▸ **STORED DATA**
------------
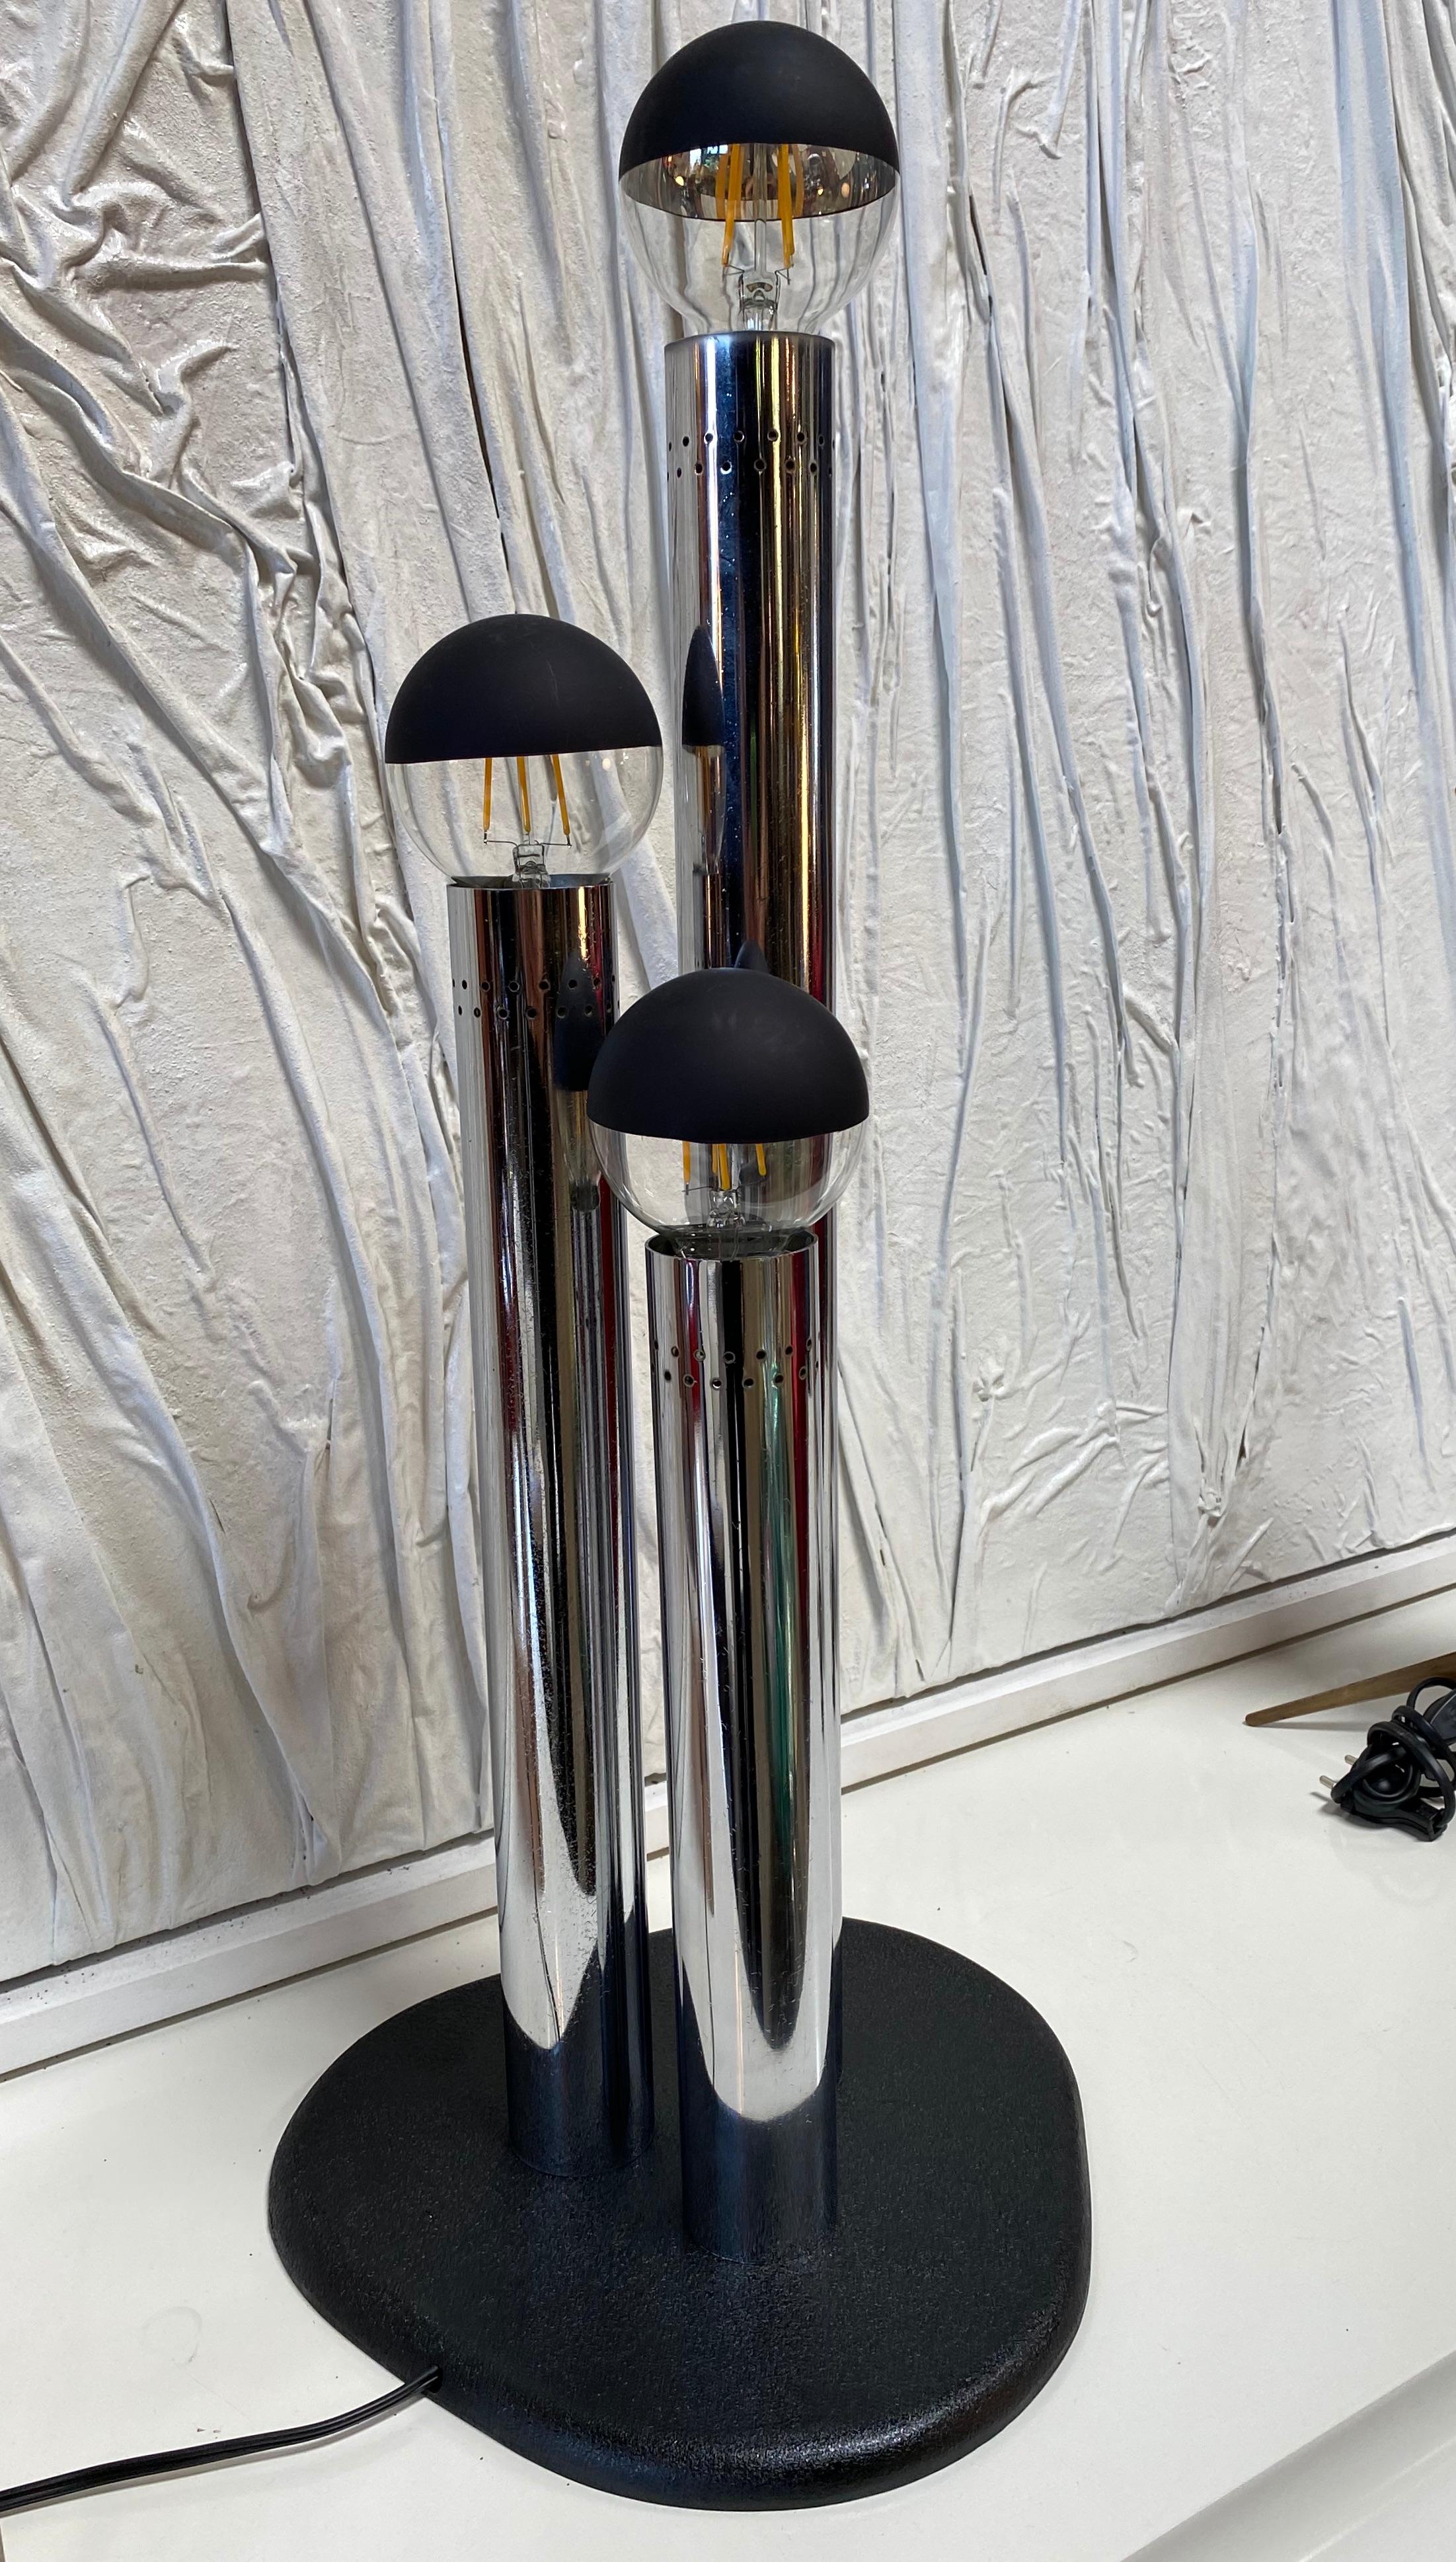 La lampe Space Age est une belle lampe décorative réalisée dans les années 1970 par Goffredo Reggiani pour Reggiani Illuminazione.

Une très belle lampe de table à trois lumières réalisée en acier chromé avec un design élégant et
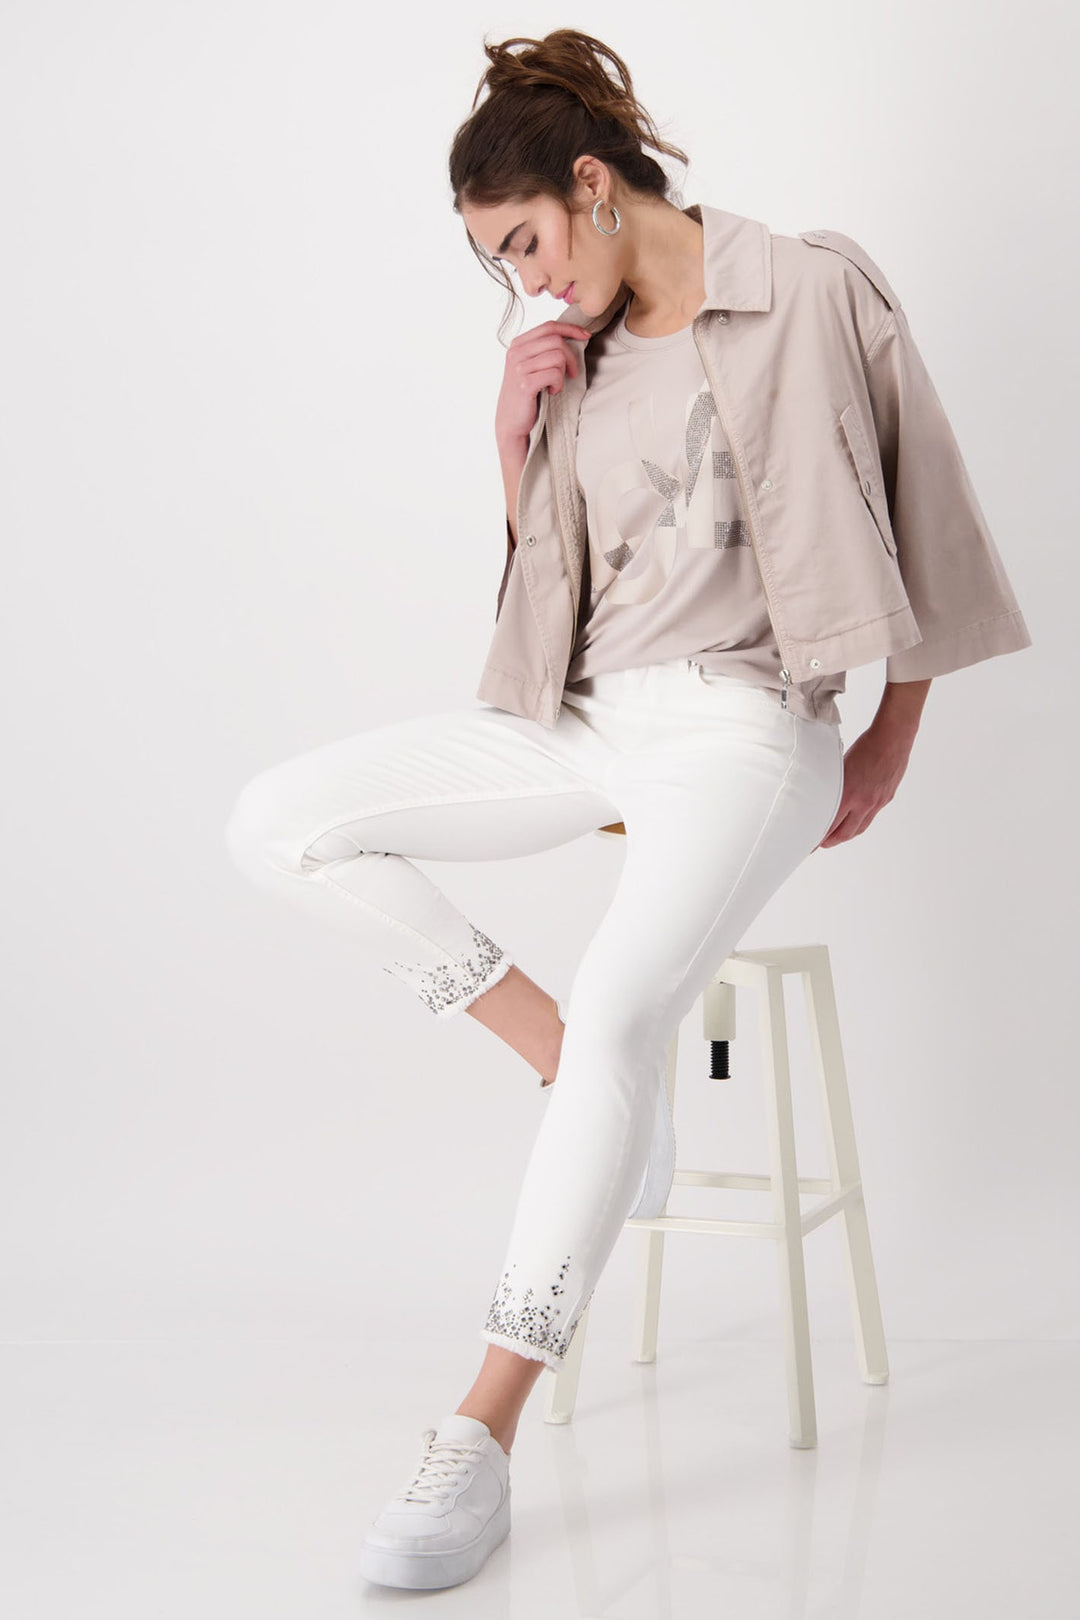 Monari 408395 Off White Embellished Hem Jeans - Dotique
------------
▸ **YOUR OBJECTIVE**
Repeat the lines from the line containing "Une très belle" through the end of the material above exactly, with no pictures and nothing else.

▸ **ANSWER FOR THE TASK**
Une très belle lampe de table à trois lumières réalisée en acier chromé avec un design élégant et
 Monari 408395 Off White Embellished Hem Jeans - Dotique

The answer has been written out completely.